When a show drops a title like DTF St. Louis, you already know it’s not going to be subtle.
The HBO dark comedy miniseries, created by Steven Conrad and starring Jason Bateman, David Harbour, Linda Cardellini, Richard Jenkins, Joy Sunday, Arlan Ruf, and Peter Sarsgaard, premiered March 1, 2026 and quickly got people talking…not just about the plot, but about the language surrounding sex, relationships, and honesty.
At the center of the seven-episode series is a messy love triangle involving three adults navigating the quiet dissatisfaction of middle age. Their decisions spiral into chaos when one of them ends up dead. Two detectives begin investigating and soon discover the case is tied to a dating app called DTF St.
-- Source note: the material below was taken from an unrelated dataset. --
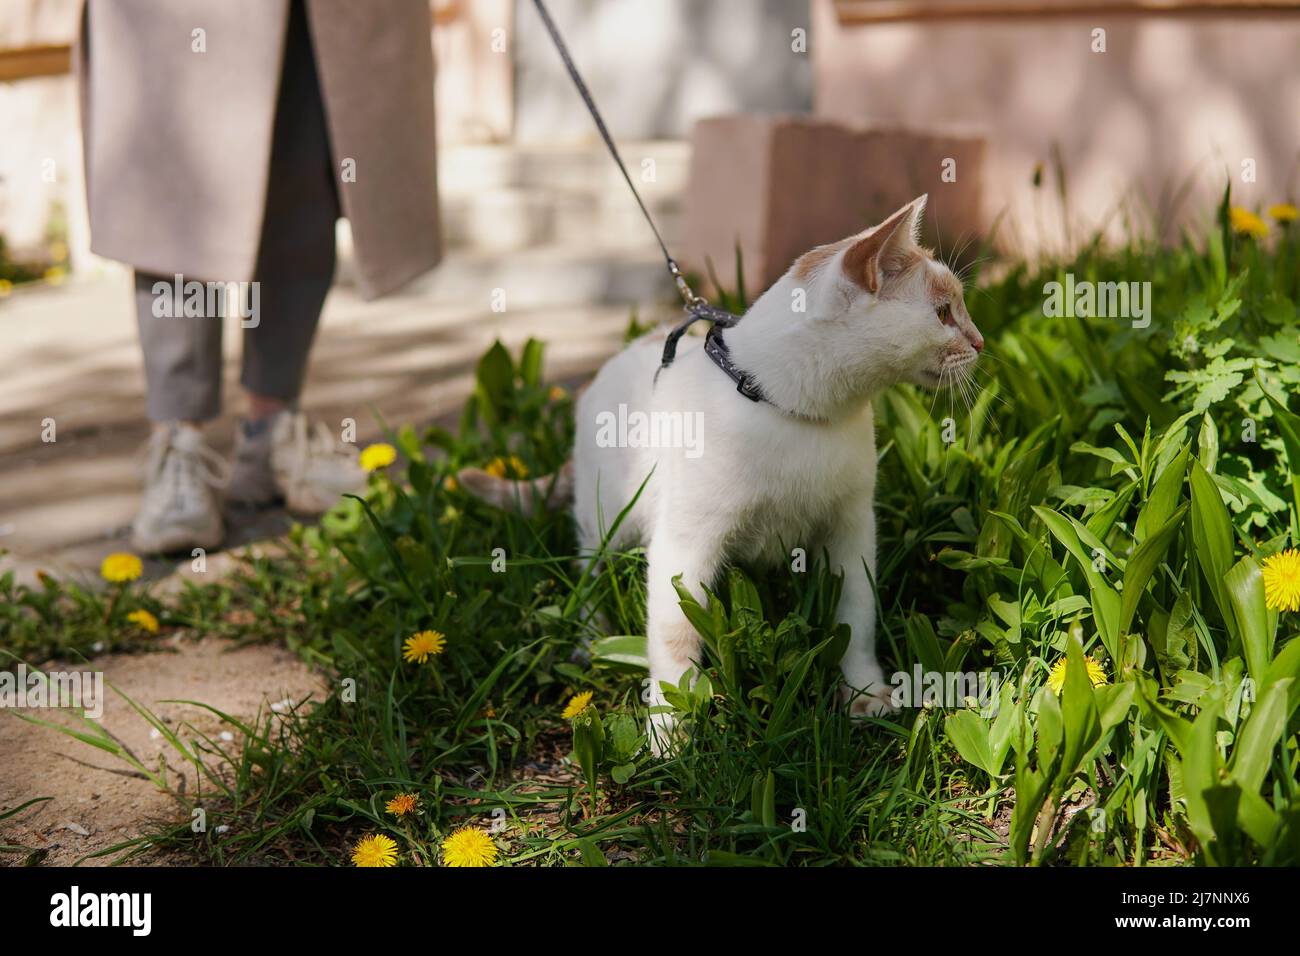 The owner and cat on a leash walking on a street. Stock Photo

Louis, a platform designed specifically for married people looking to have affairs.
Yes, really.
And as the investigation unfolds, characters start throwing around phrases like porn-positive, talking about kinks, the term DTF, and even open relationships, leaving viewers wondering what any of these terms actually mean…and whether they’re being used correctly.
Because there’s a big difference between ethical sexual exploration and straight-up cheating with better vocabulary.
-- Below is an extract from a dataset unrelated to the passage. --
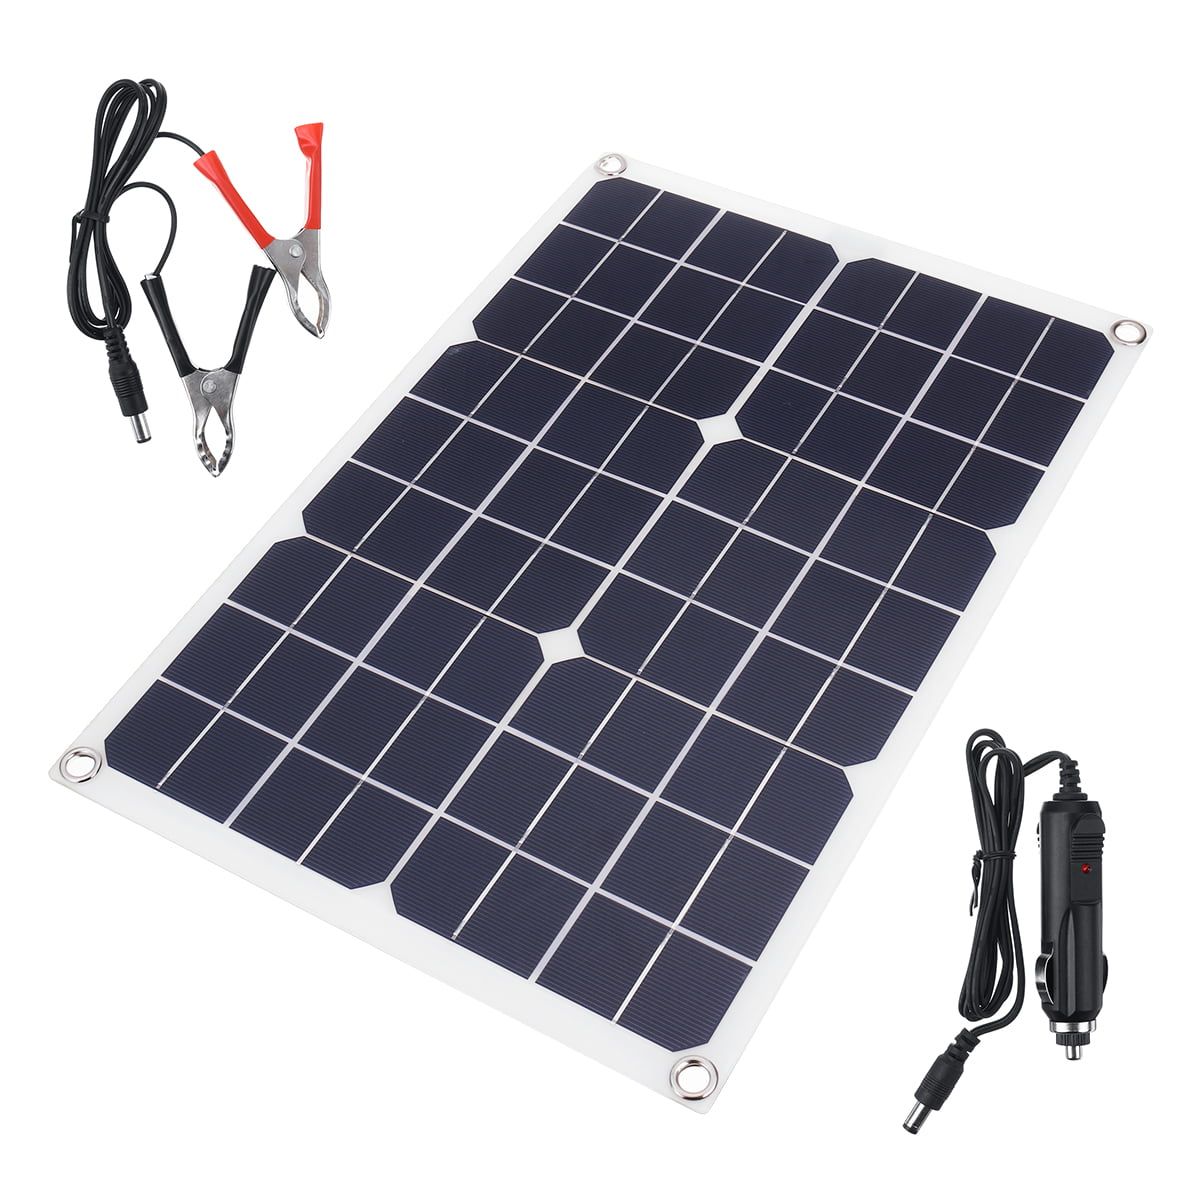 20W 18V Portable Panel Solar Panel Kit for Car Boat Home Camping battery Charger

Let’s get into it friends!
Is the DTF App Basically Ashley Madison?
If the fictional app in DTF St. Louis feels familiar, that’s because we’ve seen versions of this idea before.
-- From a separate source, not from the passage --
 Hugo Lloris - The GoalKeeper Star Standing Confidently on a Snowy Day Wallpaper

The show’s central platform—DTF St. Louis—exists specifically for married people who want to have affairs. That premise immediately calls to mind Ashley Madison, the real-life website launched in 2001 with the notorious tagline:
“Life is short. Have an affair.”
Ashley Madison openly marketed itself to people in committed relationships who were seeking discreet extramarital encounters. For years it existed in a strange cultural space—half punchline, half moral panic, and apparently still widely used.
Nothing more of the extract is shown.